Сила сама по себе — что это такое? Не более, чем инструмент, «аппарат»; не более, чем «дирижабль», на котором можно лететь во все стороны. Важно, каков капитан «управляемого корабля».

Так вот, этот человек, на которого я внезапно «осерчал» до странности, был сильный, несомненно сильный. И потому-то я и взбеленился: сила ведь только тогда хороша, когда рядом с ней, а вернее над ней, стоит Благость.

Благости в «учителе» я не почувствовал. Нет, ни единой крохотки! И инстинктивно понял, что сила, которая передо мною, опасная сила: пифон серьёзных размеров.

И потому внезапно окрепли мои бессильные гляделки и ответили «горящим алмазам» приблизительно следующее: «Нема дурных; знай, что из всех зверей человек не подлежит твоей власти, о гипнотизирующая змея; или ты думаешь, что я кролик?»

Впрочем «кроликами» была полна зала: они танцевали «противоречивые движения».

* * *

Это, конечно, только некое сравнение; образное выражение мысли, рекомендуемое, как известно, в нарративных произведениях. (Сейчас же мы, как условились, занимаемся рассказом, а не «доказом»).
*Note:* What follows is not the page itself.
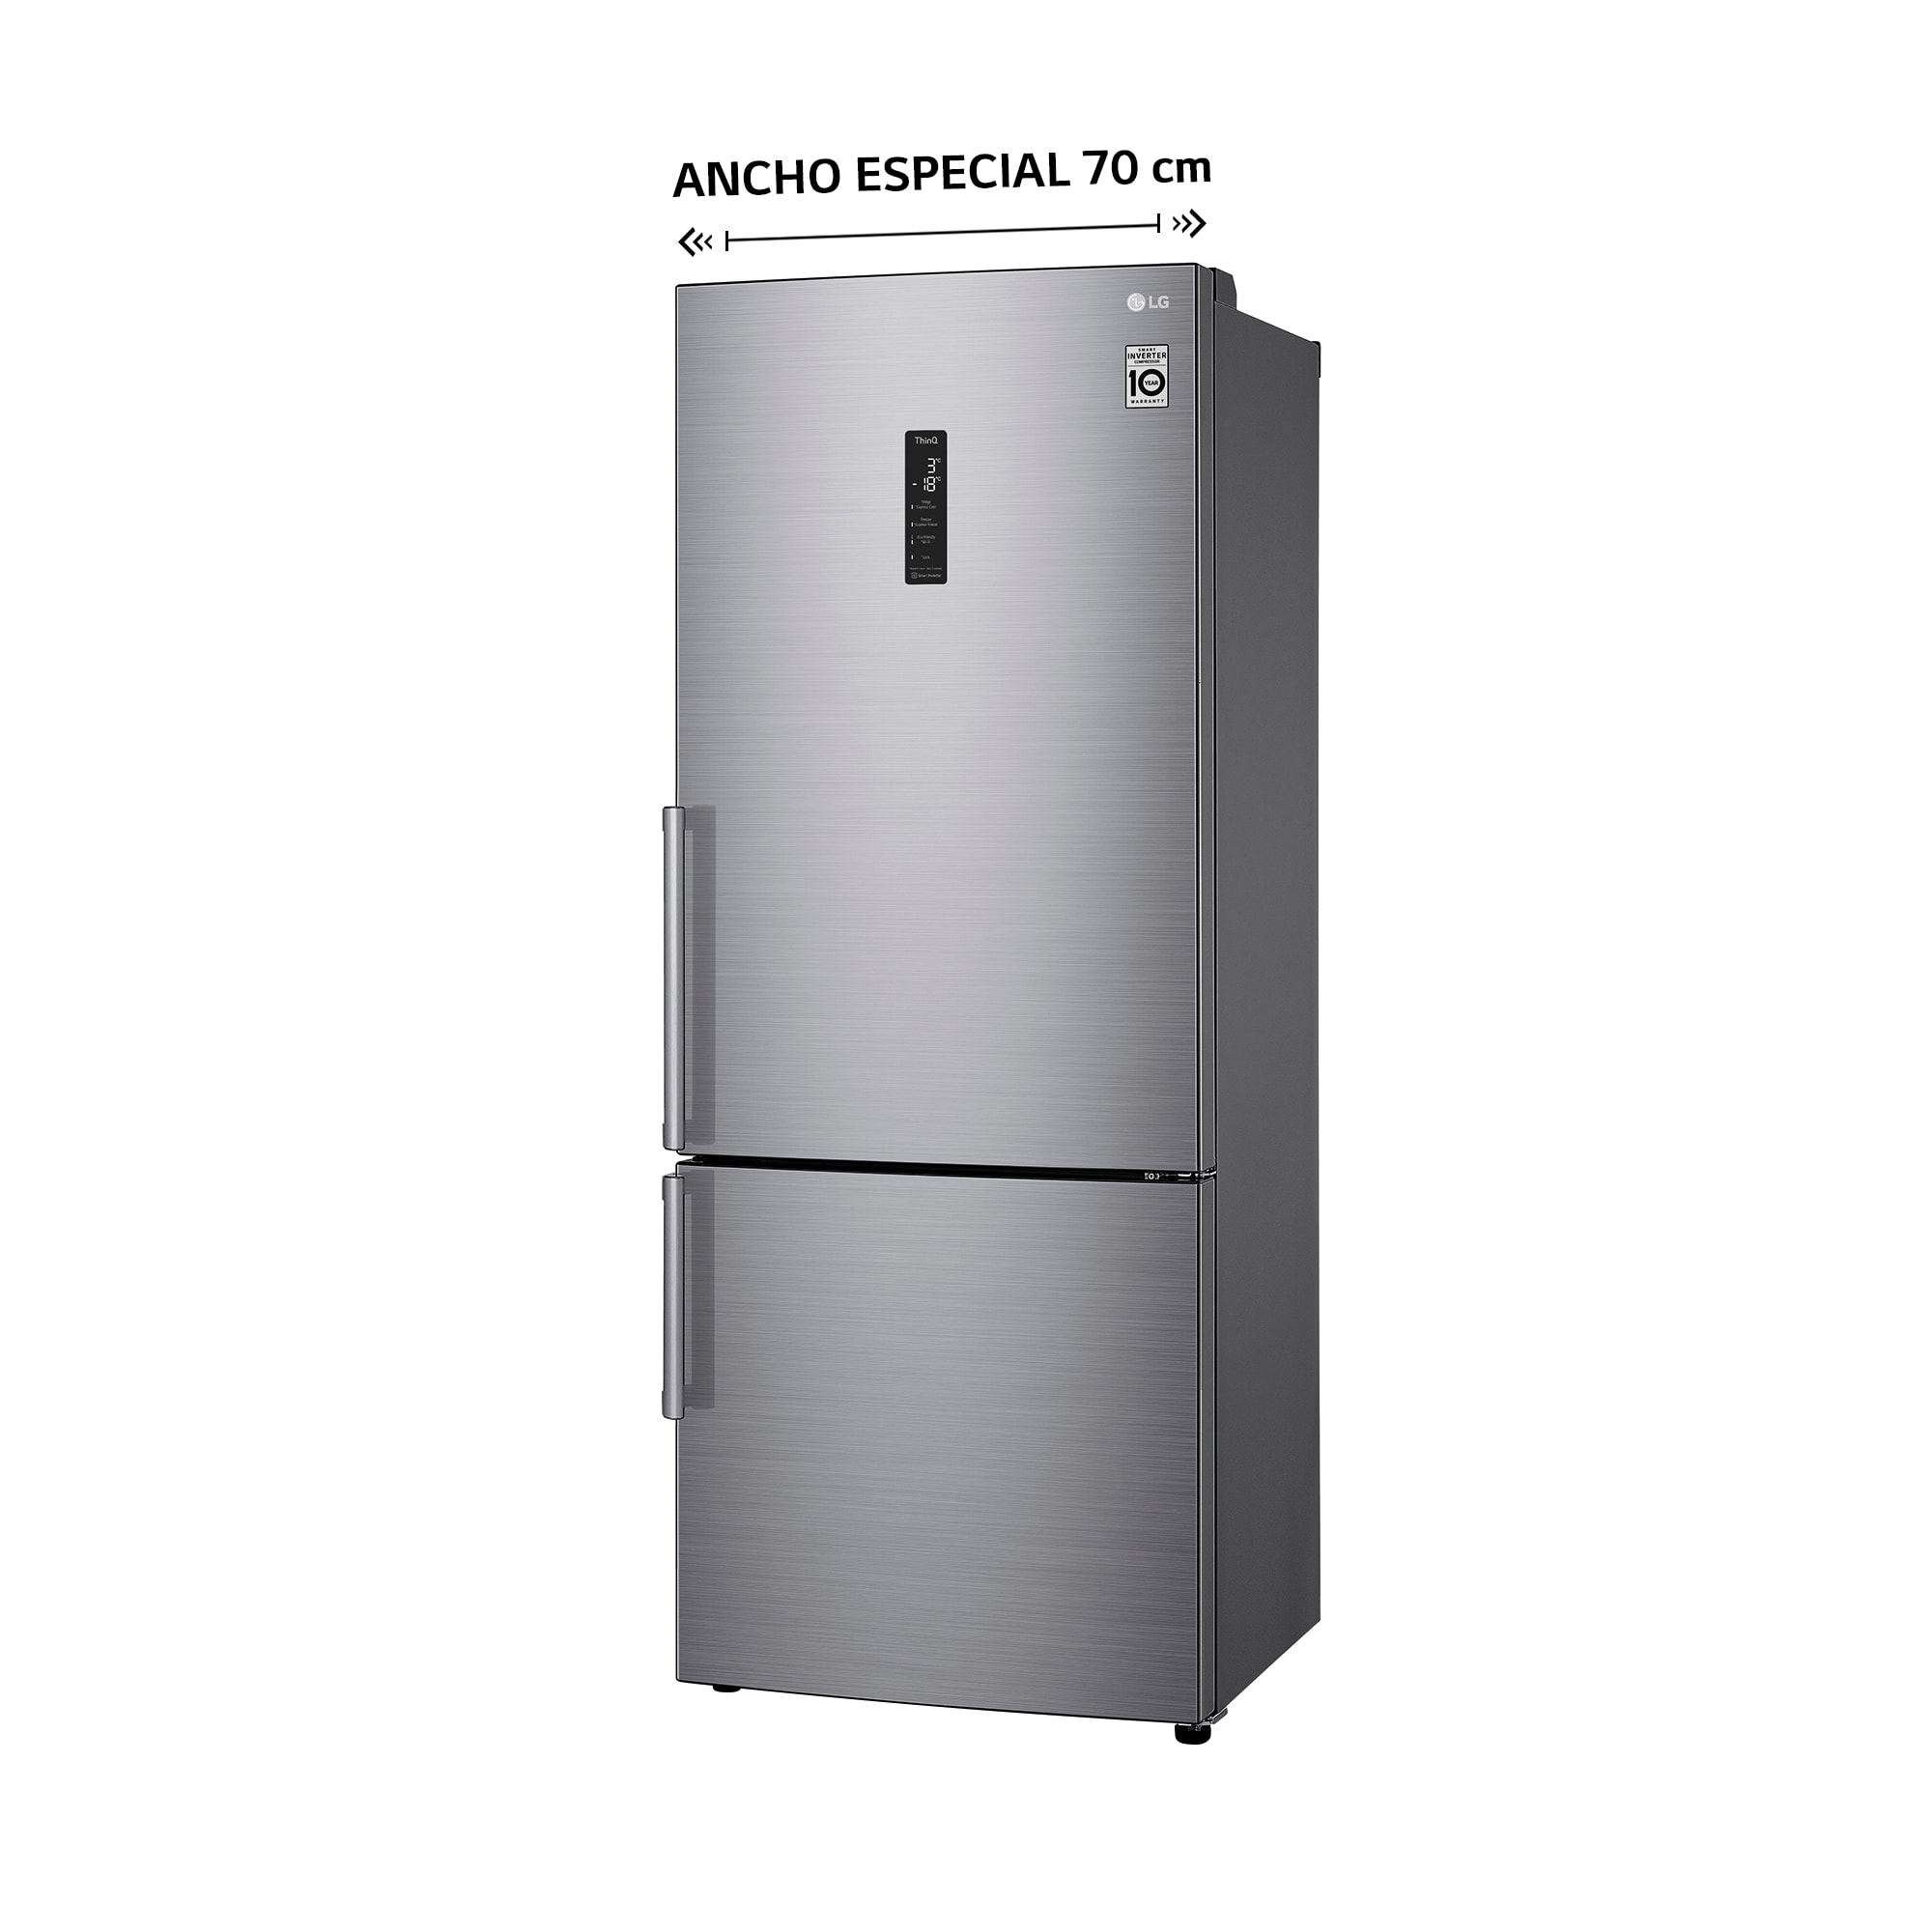 Pando Integral Cooking incorpora dos nuevos modelos de frigoríficos combi  de integración a mueble con medidas L (ancho 60cm) y XL (ancho 70cm) con  1,94 metros de altura en su gama de

Но всё же (в некоторой мере — со всеми необходимыми смягчениями и дополнениями) ощущение, что политическое еврейство есть змея, которая, загипнотизировав русских кроликов, их проглатывает (без особой, впрочем, пользы для себя), — существует.

Благости в еврействе не ощущаю. Режьте меня на части; делайте, что хотите, — не ощущаю!

Рад бы ощутить. Рад бы снова преклониться перед апостолами из евреев, как уже мы преклонялись; рад бы, чтобы Киев вторично благословил Андрей Второзванный и этим вывел мать городов русских из её чисто детской беспомощности.

Но где же они, эти люди, уже переставшие быть людьми с тех пор, как Дух Святой зажёг нимбы над их головами? Где?

О, я не говорю, что среди евреев нет хороших людей; таких людей, с которыми можно общаться в плоскостях, «где несть эллин, ни иудей»; таких людей, которые имеют «святейшее из званий — человек».

Конечно, есть, и я таких знавал и знаю. Я их встречал в самых различных положениях — начиная от школьной скамьи и кончая тюремной койкой. Они не были святыми, но это были люди, сознательно и бессознательно любившие Добро. Но это не меняет дела.

Для того чтобы отдаться евреям, как вождям; для того, чтобы спокойно и радостно взирать, как еврейство захватывает командные высоты психики, надо нечто большее.

Надо почувствовать их моральное превосходство над собою.

Надо ощутить, что они не только сильнее, но и лучше нас.

Надо почувствовать, что мы — дети, жестокие, как все дети; они же — проникнуты Мудростью, которая всегда приводит к Любви. Или, наоборот, мы — запутавшиеся взрослые; они же напоены той детской Простотой, которая всегда приводит к Мудрости.

В том или ином аспекте они должны быть выше нас. Не отдельные евреи, а вообще евреи, как нация, евреи, как раса.

Ибо они заделываются нашими «аристократами» в Советской России именно так: именно в качестве целой нации, которая заполняет социальные верхи.

Аристократия — значит «власть лучших». Если евреи действительно лучшие — пусть так и будет. Но если нет?

Если нет, то самое лучшее в нас то, что мы этой власти «не лучших» не можем подчиниться.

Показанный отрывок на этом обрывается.